- Supplied material:
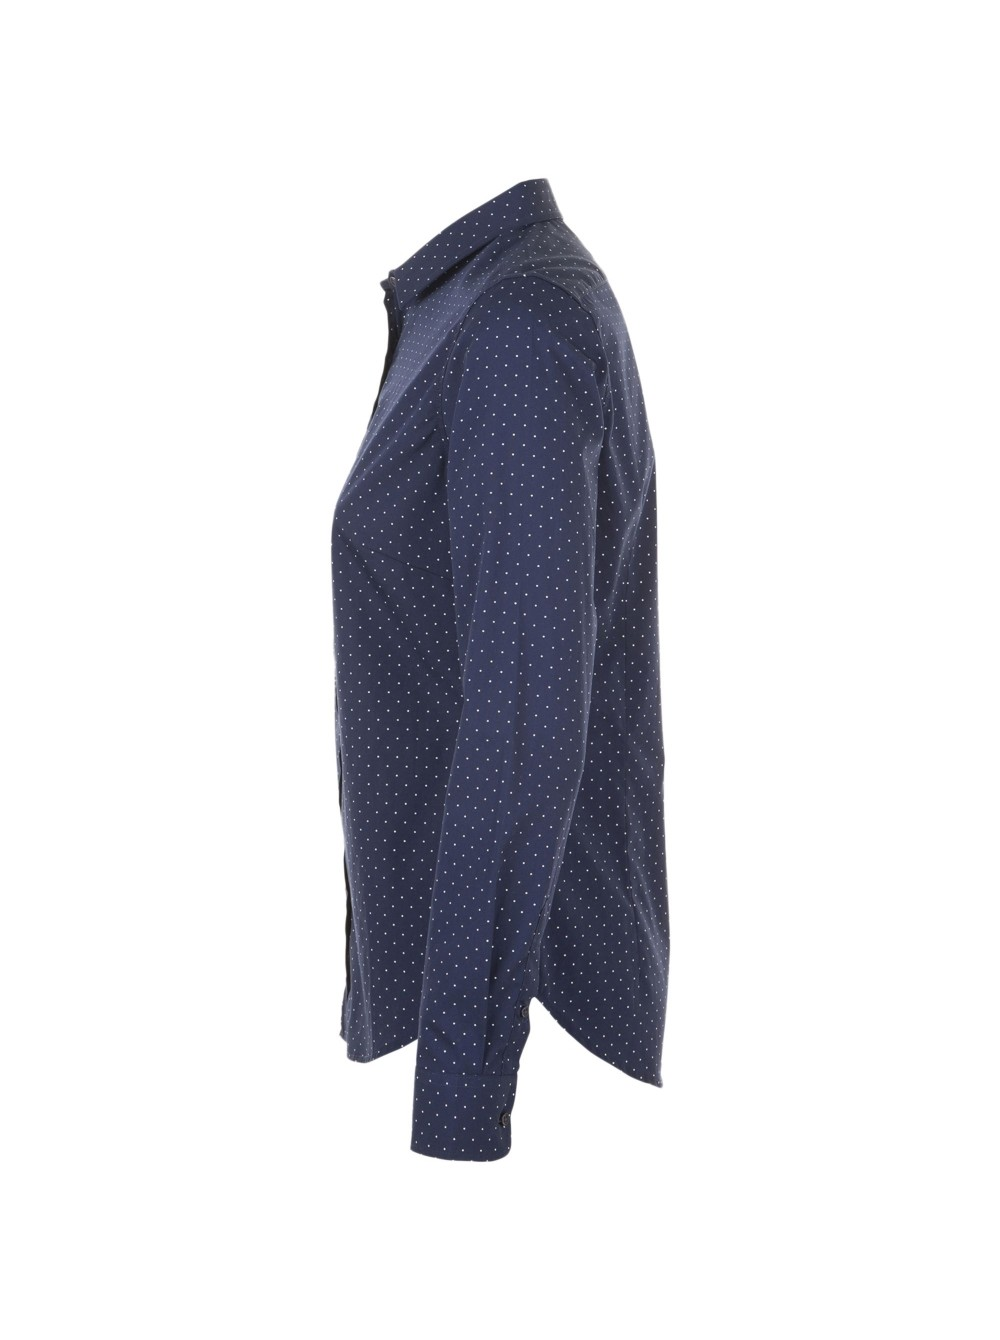 ddb6f53fdd47 Рубашка женская BECKER WOMEN, темно-синяя с белым оптом
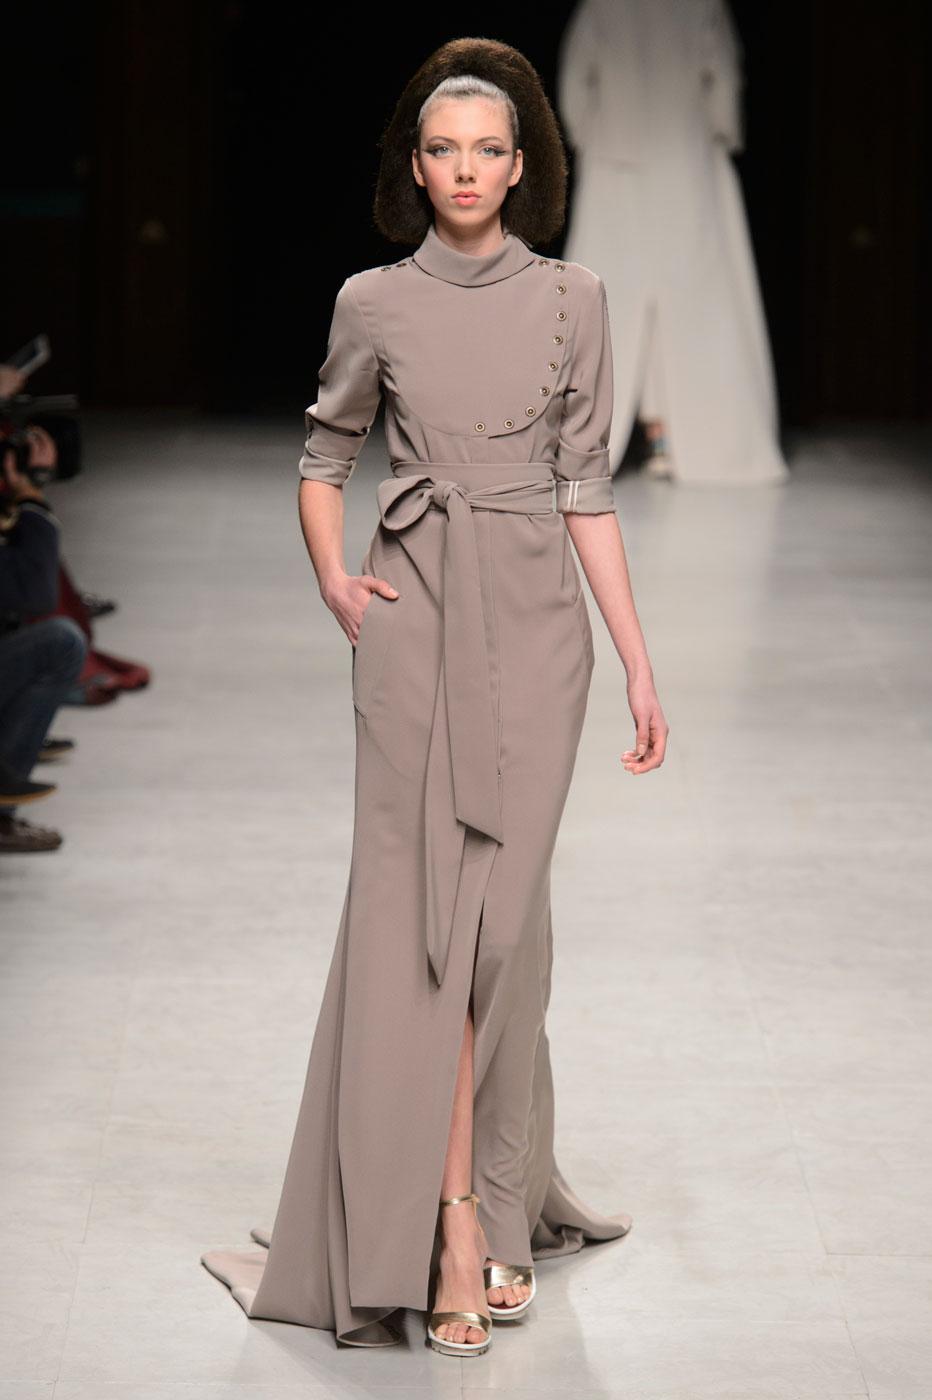 Julien-Fournie-Prive-fashion-runway-show-haute-couture-paris-spring-2015-the-impression-22
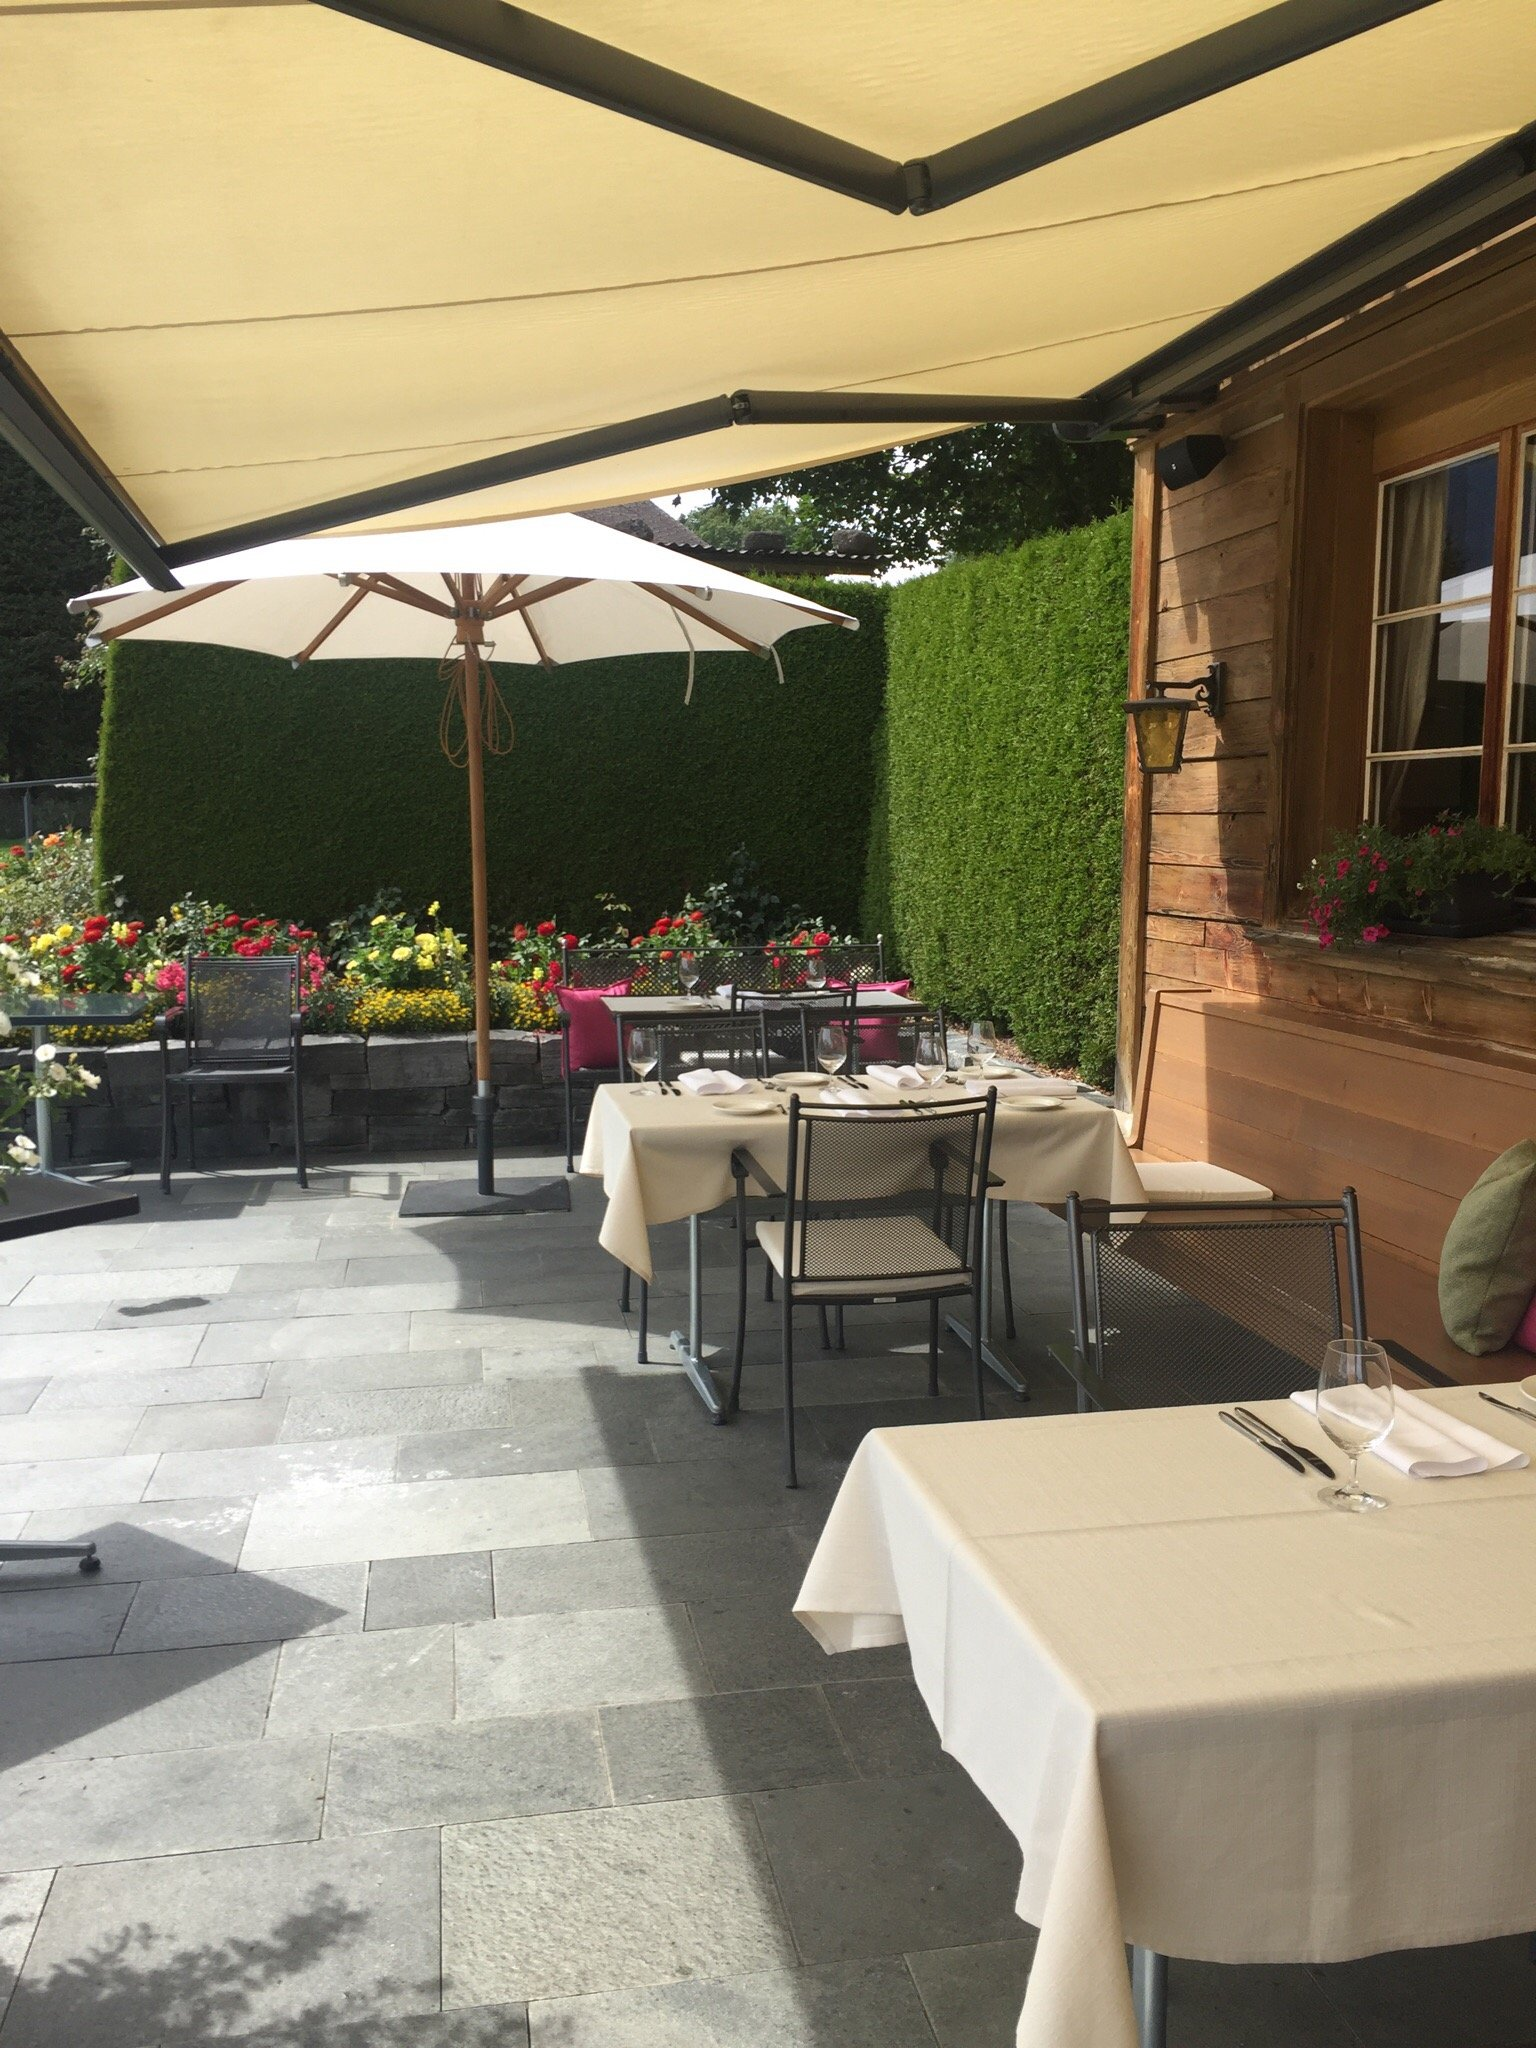 Sonnenhof Gstaad Restaurant Reviews Phone Number & s

- What to do:
Copy out all the data exactly. No images belong in the copy.

- Task solution:
 ddb6f53fdd47 Рубашка женская BECKER WOMEN, темно-синяя с белым оптом
 Julien-Fournie-Prive-fashion-runway-show-haute-couture-paris-spring-2015-the-impression-22
 Sonnenhof Gstaad Restaurant Reviews Phone Number & s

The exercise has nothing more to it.